Borrowings under the credit facility were $1.8 million at March 31, 1998. The
facility matures on January 1, 1999, and is renewable upon agreement of both
parties. The terms of the facility limit certain actions of the Company,
including the payment of dividends, and permit Greyrock, in the event of a
material adverse change in the Company's business or financial condition in
Greyrock's good faith judgment, to exercise its rights under a default,
including ceasing making additional funds available under the facility,
declaring all or part of the outstanding balance immediately payable, and
taking possession of the pledged collateral. Consequently, the credit facility
is classified as a current liability at March 31, 1998.
8. LONG TERM DEBT:
The Company's long term debt described below requires the maintenance of
certain financial covenants and limits certain actions of the Company, including
the level of research and development and capital expenditures, issuance of
additional capital stock, and payment of dividends.

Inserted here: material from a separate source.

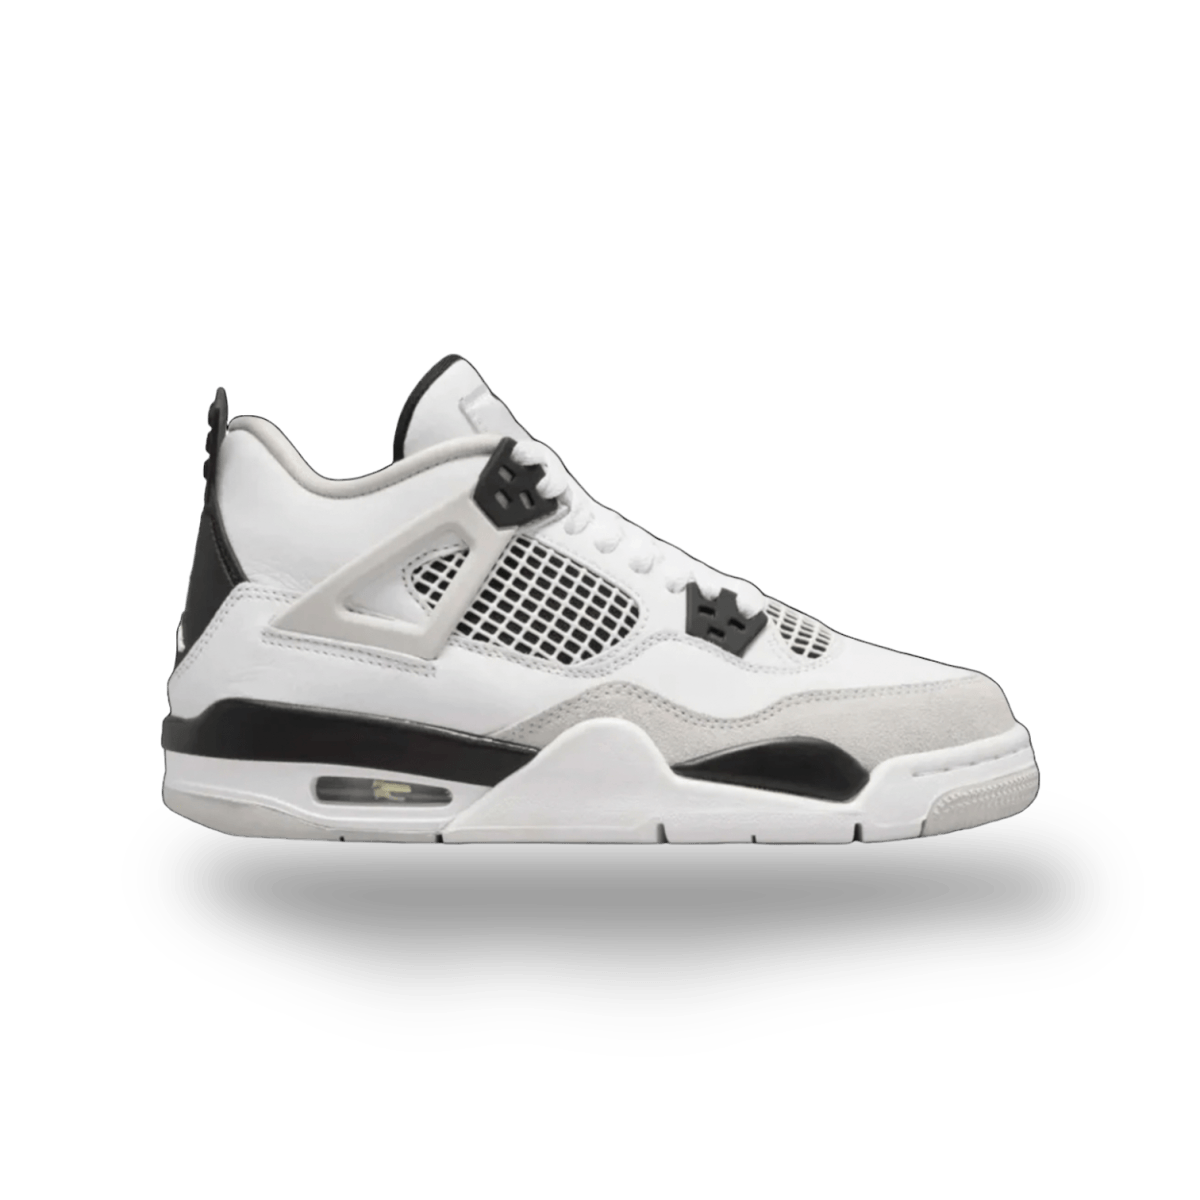 Jordan 4 Retro Military Black - Mid Sneaker - Jawns on Fire Sneakers & Streetwear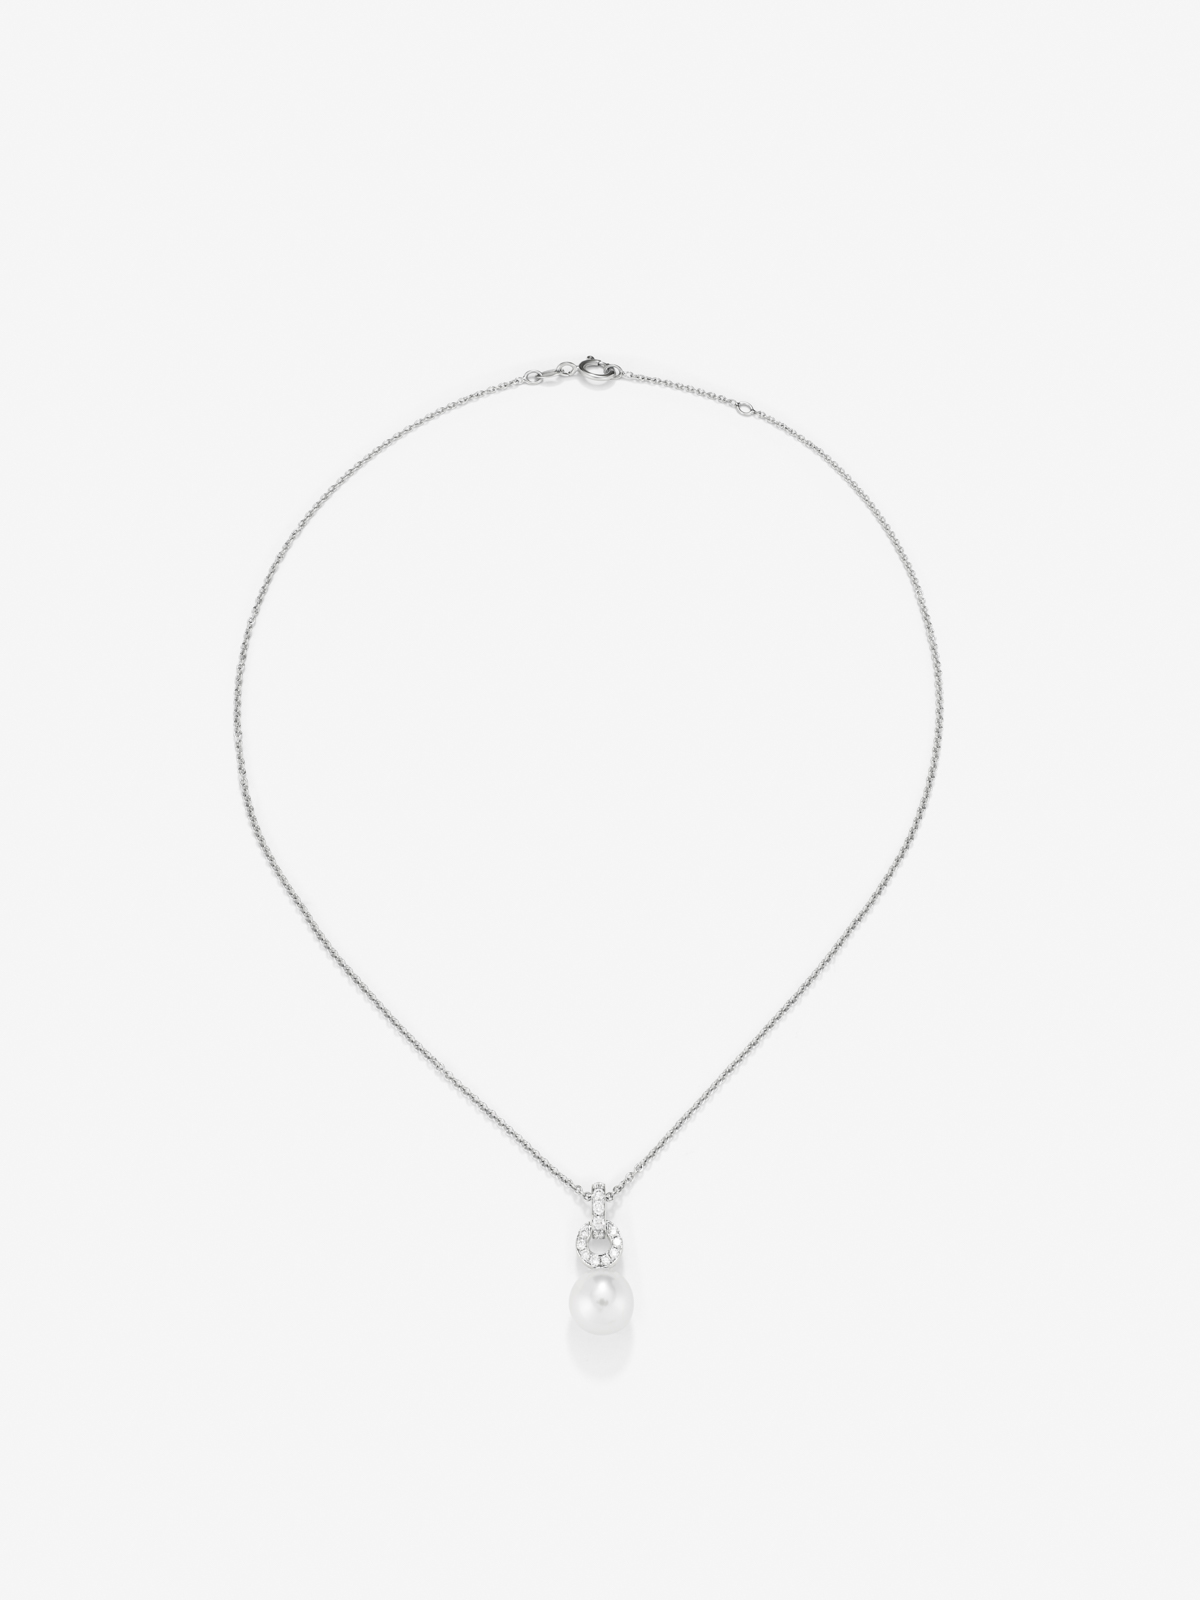 Colgante de cadena de oro blanco de 18k con aro en diamante y perla australiana de 9,5 mm

In November 1997, the Company completed a $20 million private placement of
securities consisting of $20 million principal amount of 12% Senior Subordinated
Notes due February 1, 2002 (Senior Subordinated Notes), with associated warrants
to purchase 6,616,367 shares of the Company's Common stock at $2.25 per share,
subject to customary adjustment for changes in the capitalization and below
market issuances. The Company used the net proceeds to repay its bank debt, fund
operations and fund its restructuring activities.
7
<PAGE> 8
The Company is in not in compliance with certain provisions under the Senior
Subordinated Notes due to no longer meeting the requirement for continued
quotation by Nasdaq and due to not completing the disposition of certain
assets. In addition, the Company, based on its current projections, anticipates
that it will not be in compliance with certain other requirements under the
Senior Subordinated Notes during 1998. However, the Company has obtained
waivers from the noteholders for the existing defaults through April 1, 1999
as well as certain expected defaults.
Upon certain payment defaults by the Company, senior subordinated noteholders
have the option to purchase $4.0 million of additional Senior Subordinated Notes
with 2.9 million additional warrants and to designate a majority of the Board of
Directors, subject in each case, to stockholder approval so long as such
applicable Nasdaq regulations would require such approval.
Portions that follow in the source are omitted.